*** Block opens ***

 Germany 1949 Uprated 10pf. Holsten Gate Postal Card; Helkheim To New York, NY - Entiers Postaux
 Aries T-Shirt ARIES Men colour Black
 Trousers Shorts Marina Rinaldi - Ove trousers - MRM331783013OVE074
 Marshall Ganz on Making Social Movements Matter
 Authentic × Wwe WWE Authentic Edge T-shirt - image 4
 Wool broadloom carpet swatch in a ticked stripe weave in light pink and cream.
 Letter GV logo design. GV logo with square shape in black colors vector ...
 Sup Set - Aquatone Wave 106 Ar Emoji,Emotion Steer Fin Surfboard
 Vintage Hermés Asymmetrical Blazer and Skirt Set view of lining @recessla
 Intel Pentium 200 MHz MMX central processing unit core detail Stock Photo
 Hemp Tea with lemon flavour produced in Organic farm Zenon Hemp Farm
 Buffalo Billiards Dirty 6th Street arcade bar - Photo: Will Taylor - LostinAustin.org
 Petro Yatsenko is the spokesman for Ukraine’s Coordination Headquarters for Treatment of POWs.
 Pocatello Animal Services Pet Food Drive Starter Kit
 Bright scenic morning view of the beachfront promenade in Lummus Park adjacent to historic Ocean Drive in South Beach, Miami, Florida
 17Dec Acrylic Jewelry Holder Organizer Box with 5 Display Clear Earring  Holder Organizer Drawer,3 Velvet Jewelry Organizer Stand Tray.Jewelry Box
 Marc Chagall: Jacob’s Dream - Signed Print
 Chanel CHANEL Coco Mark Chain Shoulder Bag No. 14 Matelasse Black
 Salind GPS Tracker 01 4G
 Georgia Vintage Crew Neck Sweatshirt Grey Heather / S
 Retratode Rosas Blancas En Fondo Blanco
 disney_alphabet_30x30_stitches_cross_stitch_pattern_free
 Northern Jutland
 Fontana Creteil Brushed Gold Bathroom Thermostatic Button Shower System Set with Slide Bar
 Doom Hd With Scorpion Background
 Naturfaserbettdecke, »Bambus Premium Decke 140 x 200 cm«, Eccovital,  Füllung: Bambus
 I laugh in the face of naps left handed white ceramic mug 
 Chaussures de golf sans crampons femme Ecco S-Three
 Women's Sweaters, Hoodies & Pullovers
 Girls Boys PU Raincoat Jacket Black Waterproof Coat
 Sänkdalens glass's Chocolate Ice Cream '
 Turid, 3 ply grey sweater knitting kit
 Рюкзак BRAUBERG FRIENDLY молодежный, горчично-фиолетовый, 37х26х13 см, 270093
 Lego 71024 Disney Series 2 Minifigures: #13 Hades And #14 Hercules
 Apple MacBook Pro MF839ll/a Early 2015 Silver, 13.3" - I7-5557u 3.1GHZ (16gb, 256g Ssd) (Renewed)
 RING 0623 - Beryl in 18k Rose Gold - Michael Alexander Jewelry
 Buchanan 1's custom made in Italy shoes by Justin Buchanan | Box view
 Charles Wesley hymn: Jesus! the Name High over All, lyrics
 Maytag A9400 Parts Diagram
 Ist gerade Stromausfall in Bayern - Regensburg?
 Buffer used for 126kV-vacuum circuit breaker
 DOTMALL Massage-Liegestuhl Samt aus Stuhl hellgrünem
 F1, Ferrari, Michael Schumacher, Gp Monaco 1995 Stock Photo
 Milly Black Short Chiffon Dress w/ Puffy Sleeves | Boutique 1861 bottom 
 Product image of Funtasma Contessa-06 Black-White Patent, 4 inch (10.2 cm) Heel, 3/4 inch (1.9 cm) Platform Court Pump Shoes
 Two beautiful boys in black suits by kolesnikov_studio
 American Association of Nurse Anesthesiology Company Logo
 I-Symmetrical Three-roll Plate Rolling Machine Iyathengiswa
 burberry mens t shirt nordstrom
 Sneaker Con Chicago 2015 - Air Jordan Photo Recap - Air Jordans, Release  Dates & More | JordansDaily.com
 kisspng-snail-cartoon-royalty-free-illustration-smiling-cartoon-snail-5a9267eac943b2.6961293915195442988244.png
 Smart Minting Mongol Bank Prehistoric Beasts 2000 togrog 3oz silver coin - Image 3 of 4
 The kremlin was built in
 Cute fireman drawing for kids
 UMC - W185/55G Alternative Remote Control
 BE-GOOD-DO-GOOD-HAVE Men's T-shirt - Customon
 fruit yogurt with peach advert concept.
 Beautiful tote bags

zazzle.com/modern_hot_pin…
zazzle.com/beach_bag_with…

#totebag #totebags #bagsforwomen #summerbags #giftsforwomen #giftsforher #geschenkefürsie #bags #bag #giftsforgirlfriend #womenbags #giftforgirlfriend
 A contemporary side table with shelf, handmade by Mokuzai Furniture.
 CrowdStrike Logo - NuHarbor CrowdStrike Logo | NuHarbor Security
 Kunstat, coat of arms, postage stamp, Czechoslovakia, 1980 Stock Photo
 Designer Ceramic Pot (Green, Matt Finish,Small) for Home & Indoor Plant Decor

*** Block closes ***

In full and without alteration, transcribe the entries above.

 Germany 1949 Uprated 10pf. Holsten Gate Postal Card; Helkheim To New York, NY - Entiers Postaux
 Aries T-Shirt ARIES Men colour Black
 Trousers Shorts Marina Rinaldi - Ove trousers - MRM331783013OVE074
 Marshall Ganz on Making Social Movements Matter
 Authentic × Wwe WWE Authentic Edge T-shirt - image 4
 Wool broadloom carpet swatch in a ticked stripe weave in light pink and cream.
 Letter GV logo design. GV logo with square shape in black colors vector ...
 Sup Set - Aquatone Wave 106 Ar Emoji,Emotion Steer Fin Surfboard
 Vintage Hermés Asymmetrical Blazer and Skirt Set view of lining @recessla
 Intel Pentium 200 MHz MMX central processing unit core detail Stock Photo
 Hemp Tea with lemon flavour produced in Organic farm Zenon Hemp Farm
 Buffalo Billiards Dirty 6th Street arcade bar - Photo: Will Taylor - LostinAustin.org
 Petro Yatsenko is the spokesman for Ukraine’s Coordination Headquarters for Treatment of POWs.
 Pocatello Animal Services Pet Food Drive Starter Kit
 Bright scenic morning view of the beachfront promenade in Lummus Park adjacent to historic Ocean Drive in South Beach, Miami, Florida
 17Dec Acrylic Jewelry Holder Organizer Box with 5 Display Clear Earring  Holder Organizer Drawer,3 Velvet Jewelry Organizer Stand Tray.Jewelry Box
 Marc Chagall: Jacob’s Dream - Signed Print
 Chanel CHANEL Coco Mark Chain Shoulder Bag No. 14 Matelasse Black
 Salind GPS Tracker 01 4G
 Georgia Vintage Crew Neck Sweatshirt Grey Heather / S
 Retratode Rosas Blancas En Fondo Blanco
 disney_alphabet_30x30_stitches_cross_stitch_pattern_free
 Northern Jutland
 Fontana Creteil Brushed Gold Bathroom Thermostatic Button Shower System Set with Slide Bar
 Doom Hd With Scorpion Background
 Naturfaserbettdecke, »Bambus Premium Decke 140 x 200 cm«, Eccovital,  Füllung: Bambus
 I laugh in the face of naps left handed white ceramic mug 
 Chaussures de golf sans crampons femme Ecco S-Three
 Women's Sweaters, Hoodies & Pullovers
 Girls Boys PU Raincoat Jacket Black Waterproof Coat
 Sänkdalens glass's Chocolate Ice Cream '
 Turid, 3 ply grey sweater knitting kit
 Рюкзак BRAUBERG FRIENDLY молодежный, горчично-фиолетовый, 37х26х13 см, 270093
 Lego 71024 Disney Series 2 Minifigures: #13 Hades And #14 Hercules
 Apple MacBook Pro MF839ll/a Early 2015 Silver, 13.3" - I7-5557u 3.1GHZ (16gb, 256g Ssd) (Renewed)
 RING 0623 - Beryl in 18k Rose Gold - Michael Alexander Jewelry
 Buchanan 1's custom made in Italy shoes by Justin Buchanan | Box view
 Charles Wesley hymn: Jesus! the Name High over All, lyrics
 Maytag A9400 Parts Diagram
 Ist gerade Stromausfall in Bayern - Regensburg?
 Buffer used for 126kV-vacuum circuit breaker
 DOTMALL Massage-Liegestuhl Samt aus Stuhl hellgrünem
 F1, Ferrari, Michael Schumacher, Gp Monaco 1995 Stock Photo
 Milly Black Short Chiffon Dress w/ Puffy Sleeves | Boutique 1861 bottom 
 Product image of Funtasma Contessa-06 Black-White Patent, 4 inch (10.2 cm) Heel, 3/4 inch (1.9 cm) Platform Court Pump Shoes
 Two beautiful boys in black suits by kolesnikov_studio
 American Association of Nurse Anesthesiology Company Logo
 I-Symmetrical Three-roll Plate Rolling Machine Iyathengiswa
 burberry mens t shirt nordstrom
 Sneaker Con Chicago 2015 - Air Jordan Photo Recap - Air Jordans, Release  Dates & More | JordansDaily.com
 kisspng-snail-cartoon-royalty-free-illustration-smiling-cartoon-snail-5a9267eac943b2.6961293915195442988244.png
 Smart Minting Mongol Bank Prehistoric Beasts 2000 togrog 3oz silver coin - Image 3 of 4
 The kremlin was built in
 Cute fireman drawing for kids
 UMC - W185/55G Alternative Remote Control
 BE-GOOD-DO-GOOD-HAVE Men's T-shirt - Customon
 fruit yogurt with peach advert concept.
 Beautiful tote bags

zazzle.com/modern_hot_pin…
zazzle.com/beach_bag_with…

#totebag #totebags #bagsforwomen #summerbags #giftsforwomen #giftsforher #geschenkefürsie #bags #bag #giftsforgirlfriend #womenbags #giftforgirlfriend
 A contemporary side table with shelf, handmade by Mokuzai Furniture.
 CrowdStrike Logo - NuHarbor CrowdStrike Logo | NuHarbor Security
 Kunstat, coat of arms, postage stamp, Czechoslovakia, 1980 Stock Photo
 Designer Ceramic Pot (Green, Matt Finish,Small) for Home & Indoor Plant Decor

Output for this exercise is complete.